Thursday, June 9, 2011

The Uses of Inventories: “Human Well-Being and the Industrious Revolution”


Sheilagh Ogilvie of the Department of Economics at the University of Cambridge is the principal investigator on an ERSC-funded project, "Human Well-Being and the Industrious Revolution: Consumption, Gender, and Social Capital in a German Developing Economy, 1600-1900." The project investigates consumption and well-being over three centuries through a microeconomic analysis of two communities—the town of Wildberg in the Württemberg Black Forest and the village of Auingen in the Swabian Jura. The heart of the project is a close examination of estate inventories from the regions. In the words of the project description:
How do consumption, production and reproduction interact to improve human well-being? The project addresses this question by exploring the theory of the ‘Industrious Revolution’ – the idea that after about 1650 Europeans shifted time out of leisure and household production into market work and consumption, thereby preparing the way for modern economic growth.

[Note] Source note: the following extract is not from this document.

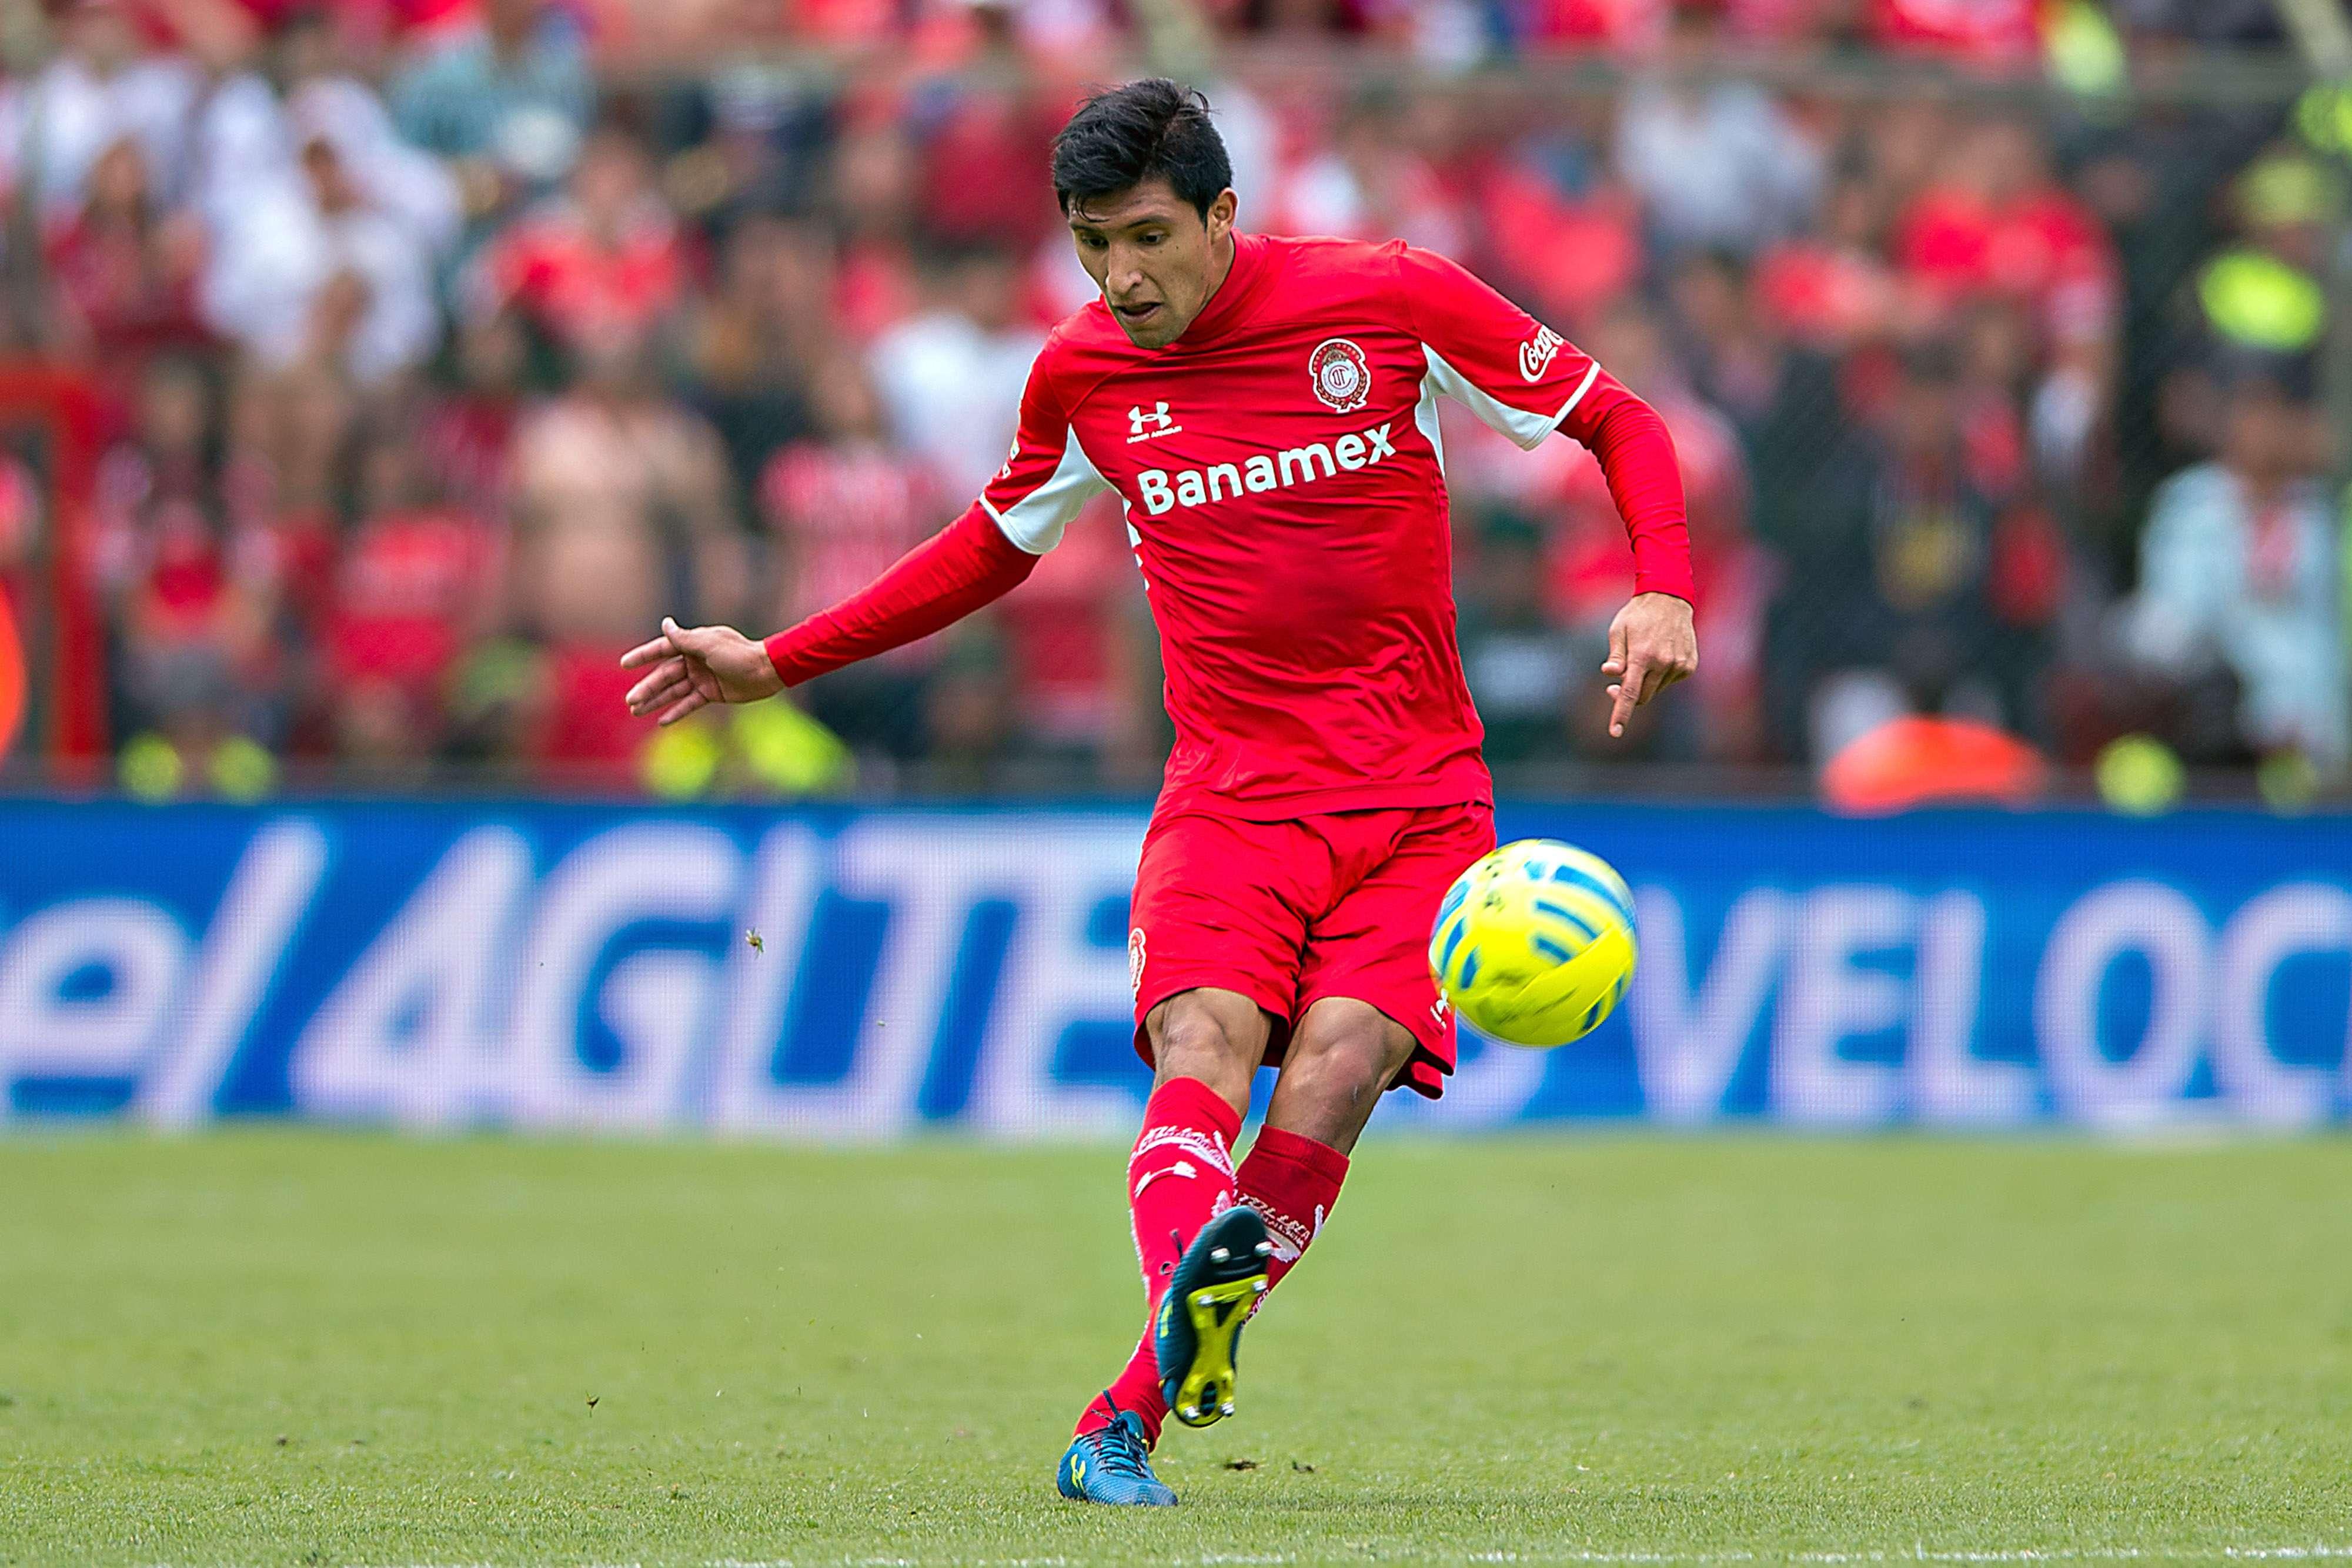 Jordan Silva juega su tercer torneo como defensa de Toluca. Foto: Mexsport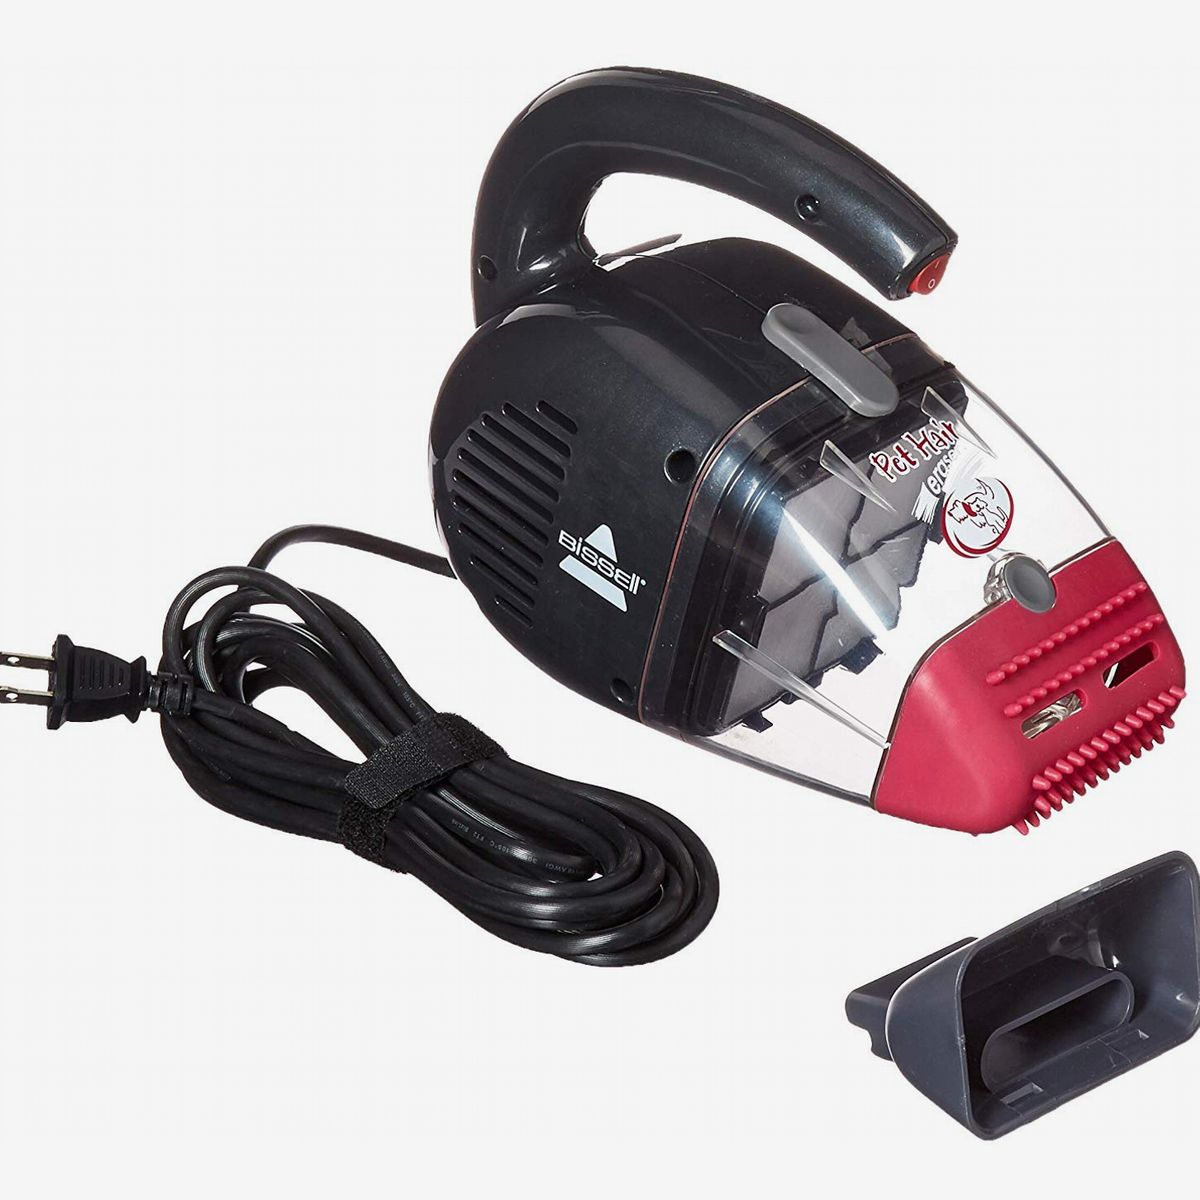 12 Best Handheld Vacuums 2020 The Strategist New York Magazine

The theory is supposed to apply to all of Europe, but is based almost exclusively on English and Dutch evidence before c. 1750. We aim to add substance to the Industrious Revolution by focussing on a Central European economy (the southwest German territory of Württemberg) where extraordinarily rich personal inventories survive from c. 1600 to c. 1900. By linking inventories with family reconstitutions and other local sources, we aim to create a database permitting a multivariate analysis of increases in market consumption and production, as a function of factors such as gender, marital status, fertility, age, occupation, local office-holding, literacy, landownership, credit relationships, kinship circles, community citizenship, guild membership, and other measures of ‘social capital’. The project thus aims to explore the determinants of changes in human well-being over three centuries by bringing to bear new evidence, new methods, and new conceptual tools.
The project, and the importance of the inventories, has been receiving significant media attention in recent weeks: see this article in the June 6 Boston Globe and a BBC interview with Ogilvie (beginning at minute 33); the University Cambridge also covered the project in a recent in-house publication about faculty research.

   The phrase "industrious revolution" is probably most closely associated with Jan de Vries of the University of California, Berkeley, author of The Industrious Revolution: Consumer Behavior and the Household Economy, 1650 to the Present (Cambridge University Press, 2008) (see here for an EH.Net Review by Hans-Joachim Voth).